__Data shown__
┌──
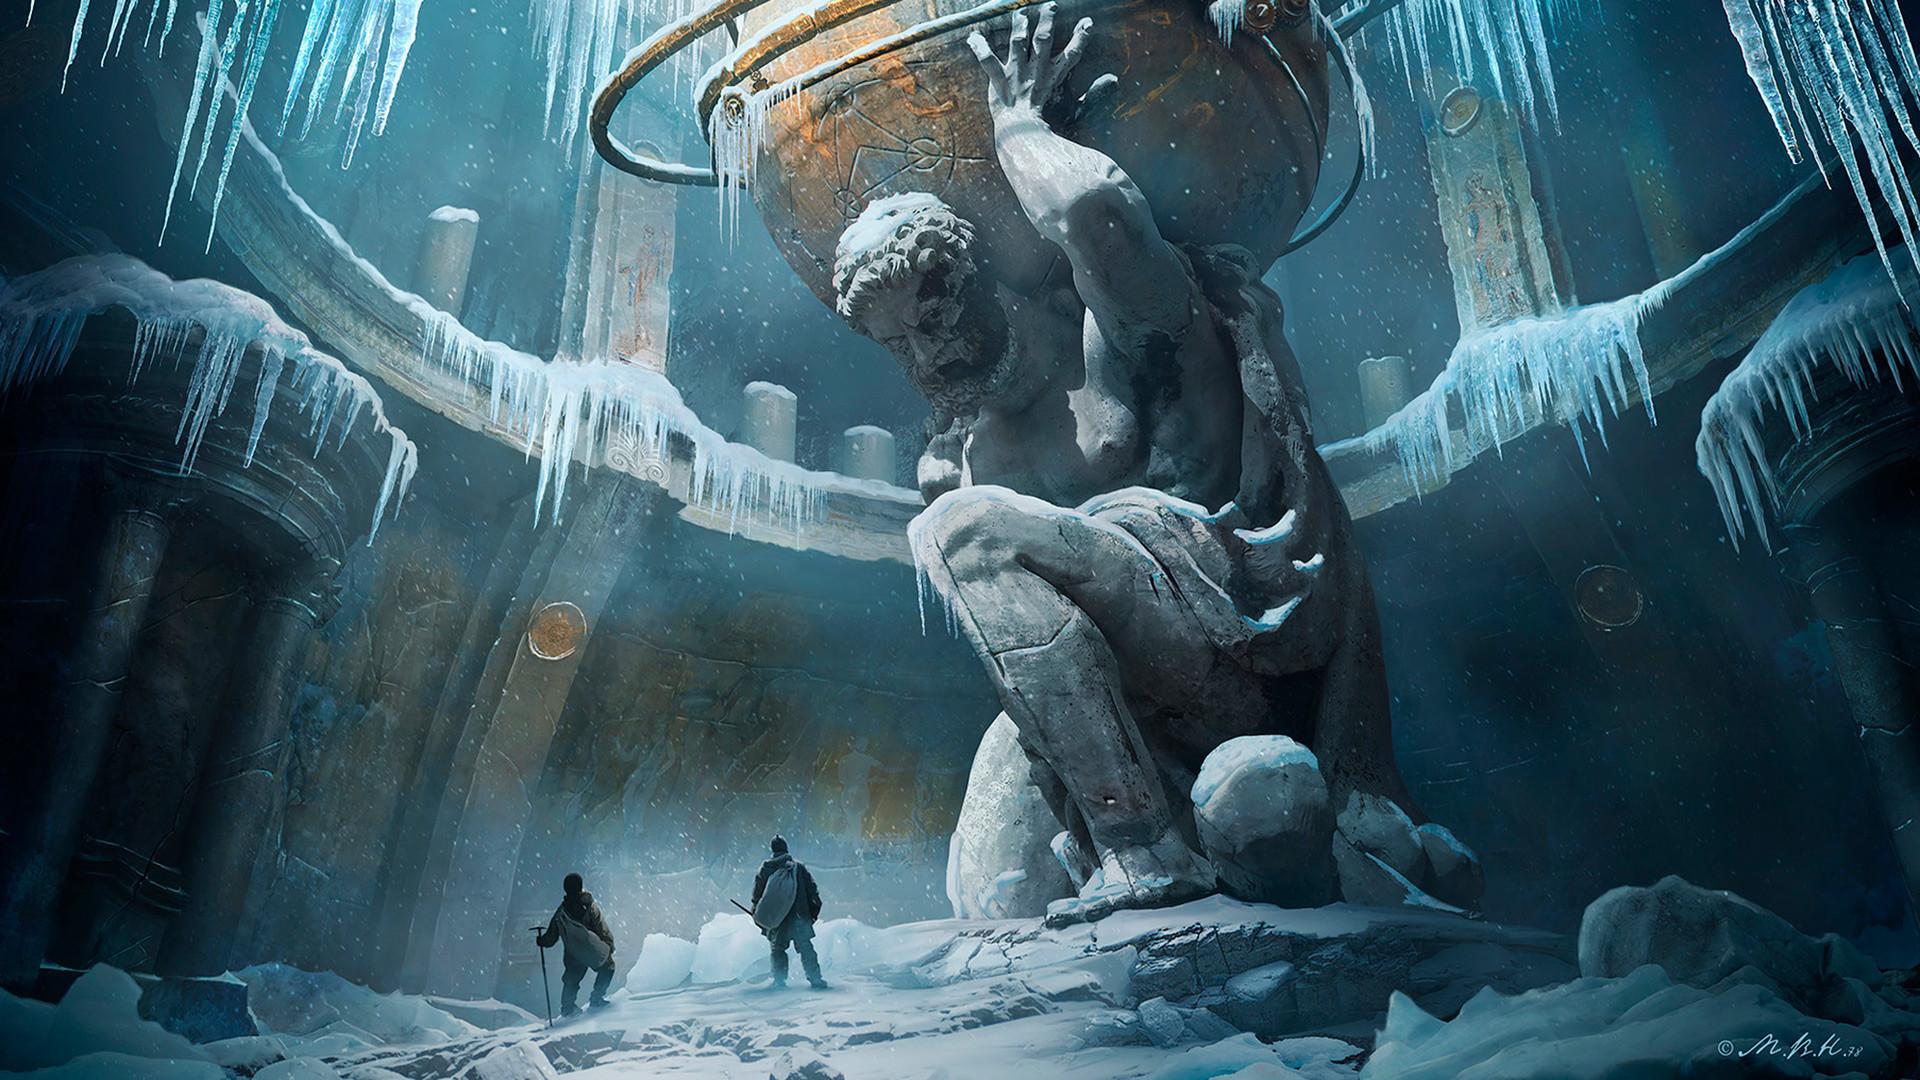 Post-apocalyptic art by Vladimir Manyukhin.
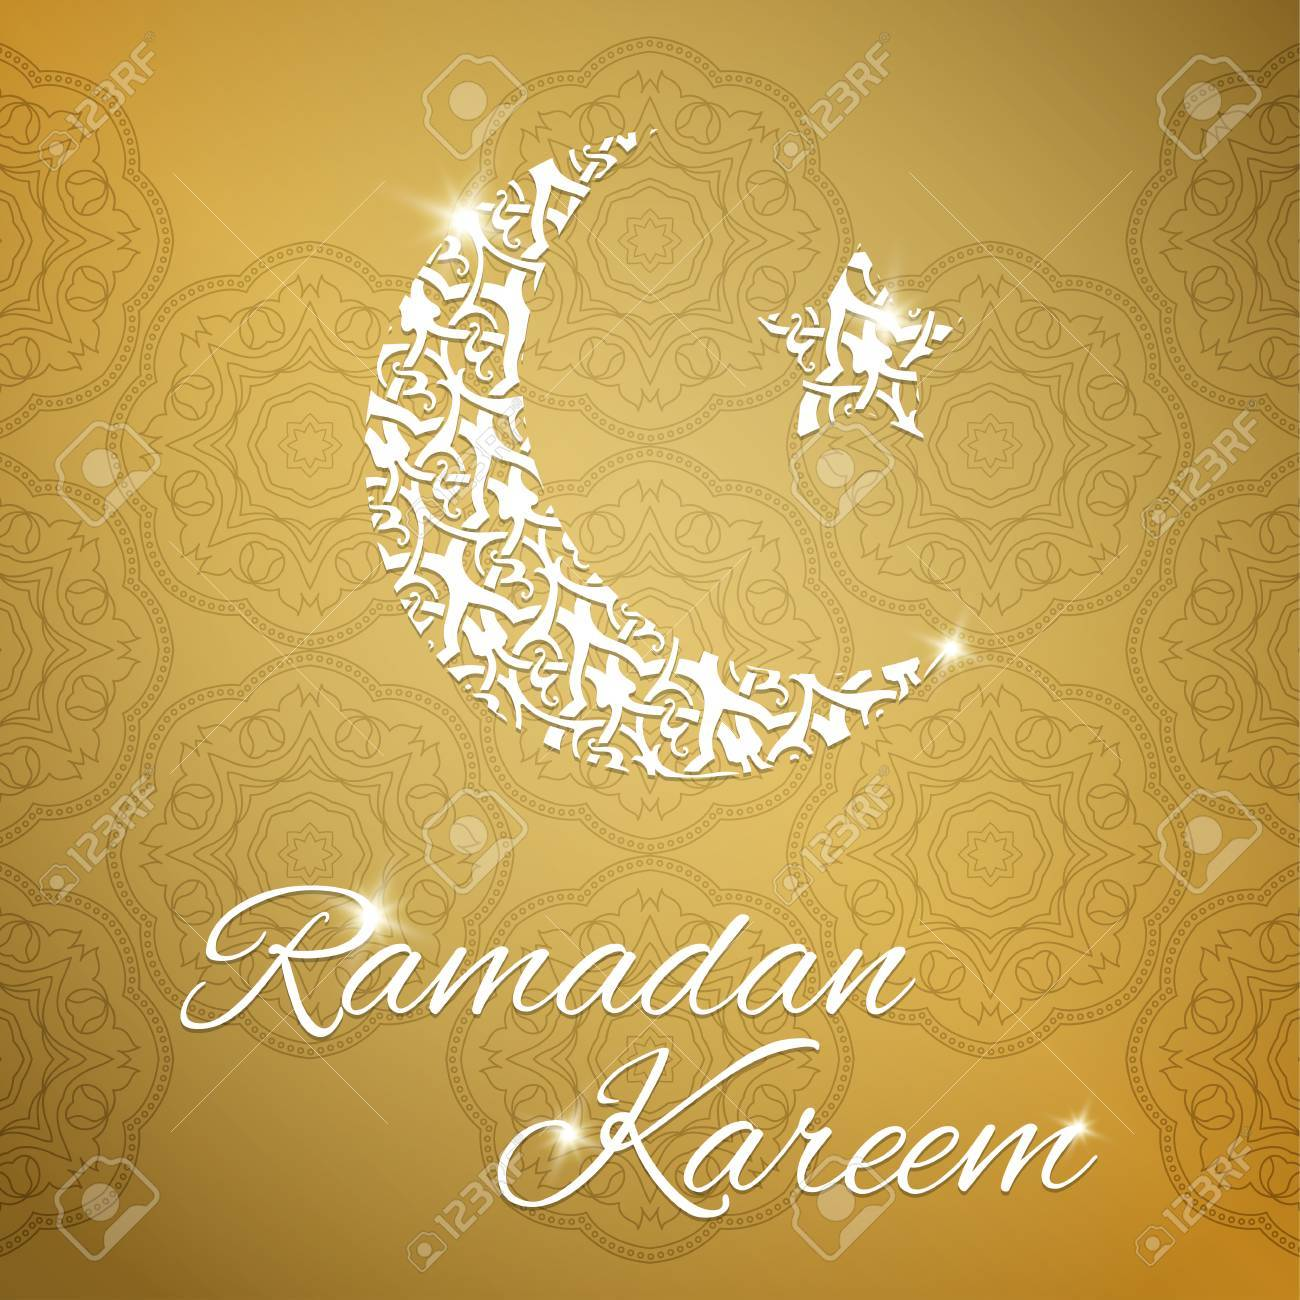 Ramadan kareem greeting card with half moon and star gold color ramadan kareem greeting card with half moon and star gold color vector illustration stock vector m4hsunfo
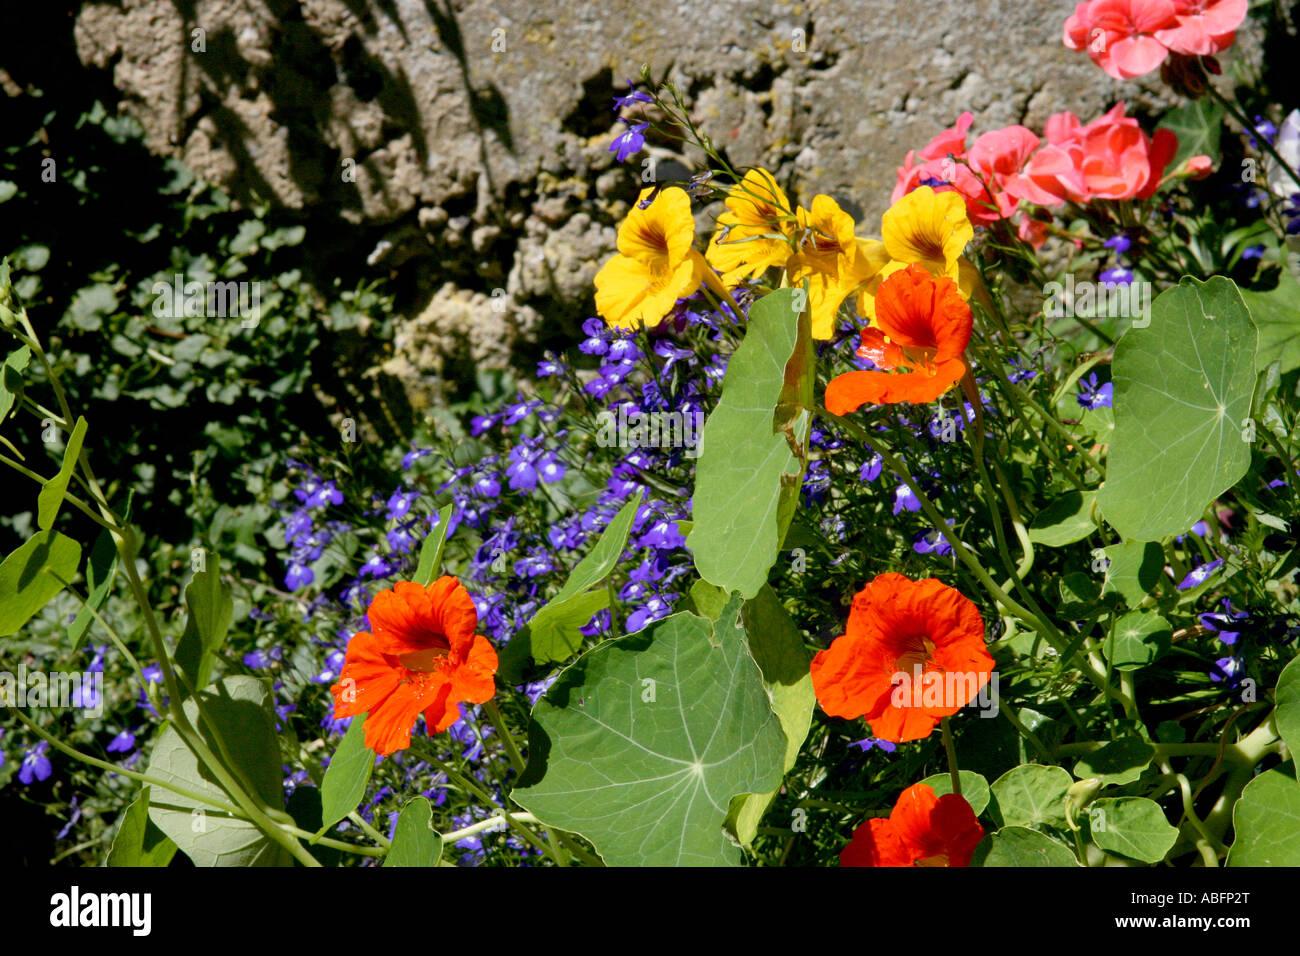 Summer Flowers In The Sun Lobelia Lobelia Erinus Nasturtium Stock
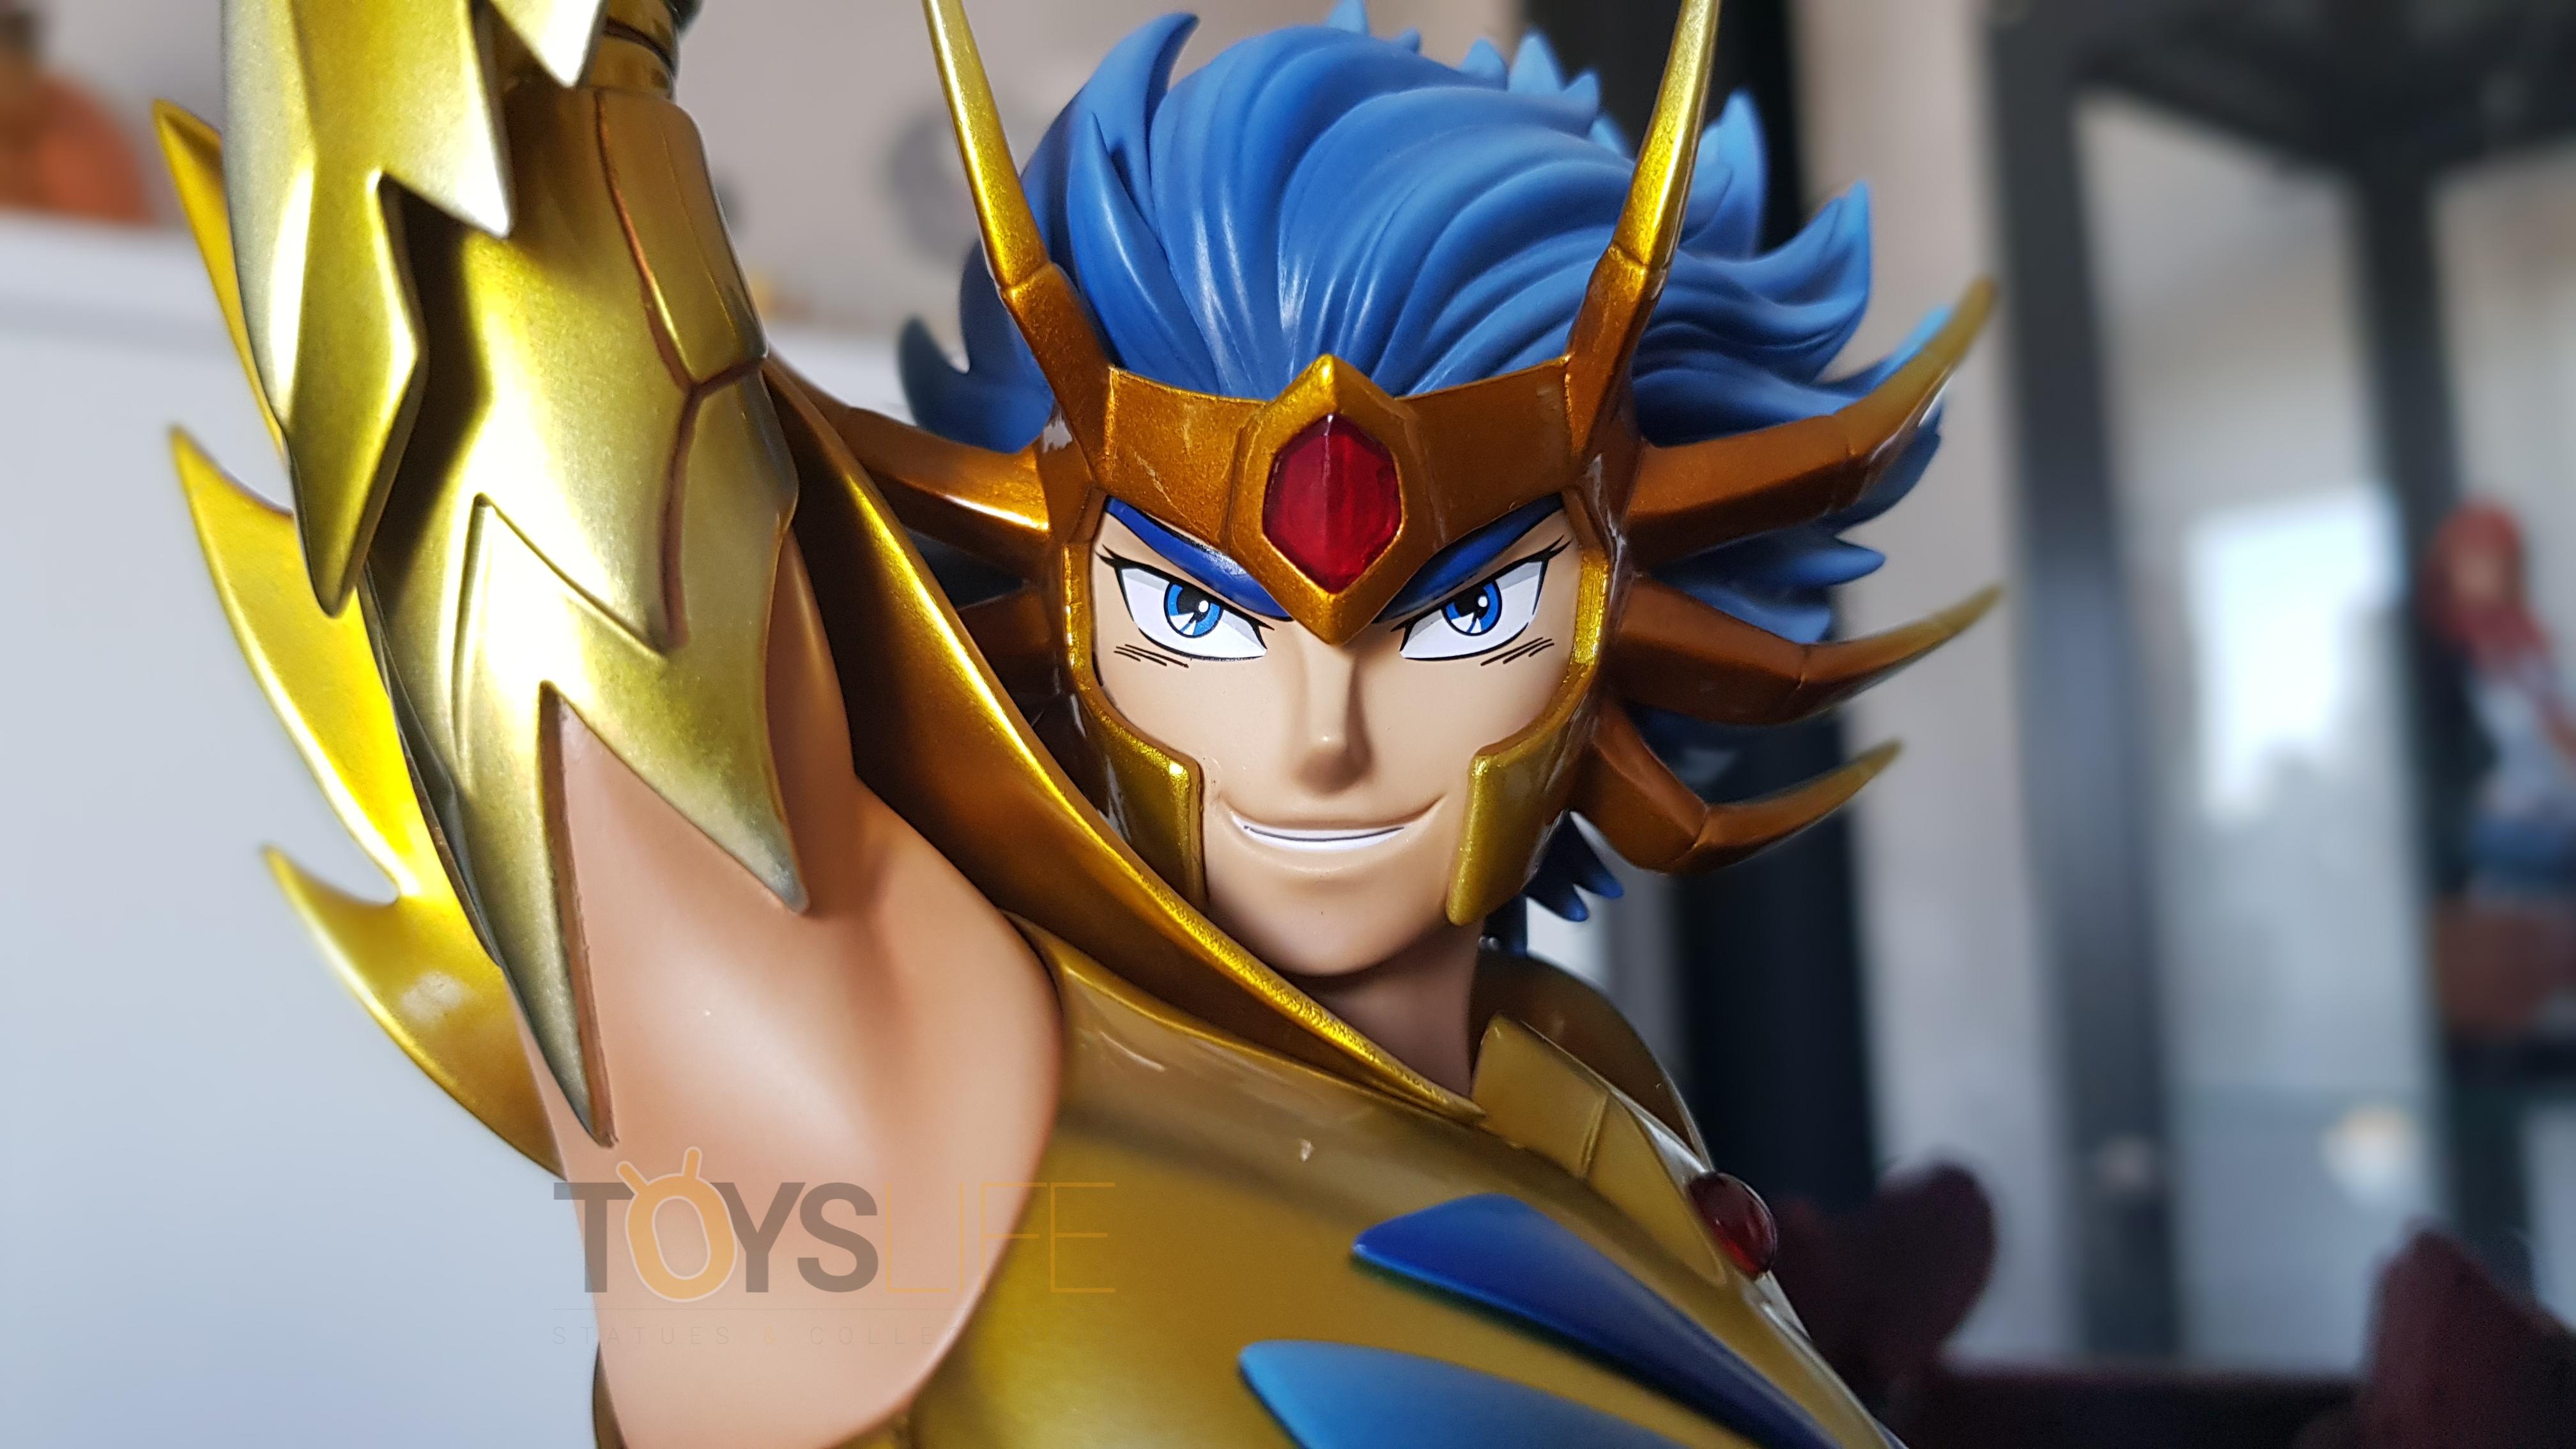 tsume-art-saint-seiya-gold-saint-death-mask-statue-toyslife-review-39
└──
__Problem to solve__
Repeat all the data as it stands, dropping any images it holds.

__Solution for this exercise__
 Post-apocalyptic art by Vladimir Manyukhin.
 Ramadan kareem greeting card with half moon and star gold color ramadan kareem greeting card with half moon and star gold color vector illustration stock vector m4hsunfo
 Summer Flowers In The Sun Lobelia Lobelia Erinus Nasturtium Stock
 tsume-art-saint-seiya-gold-saint-death-mask-statue-toyslife-review-39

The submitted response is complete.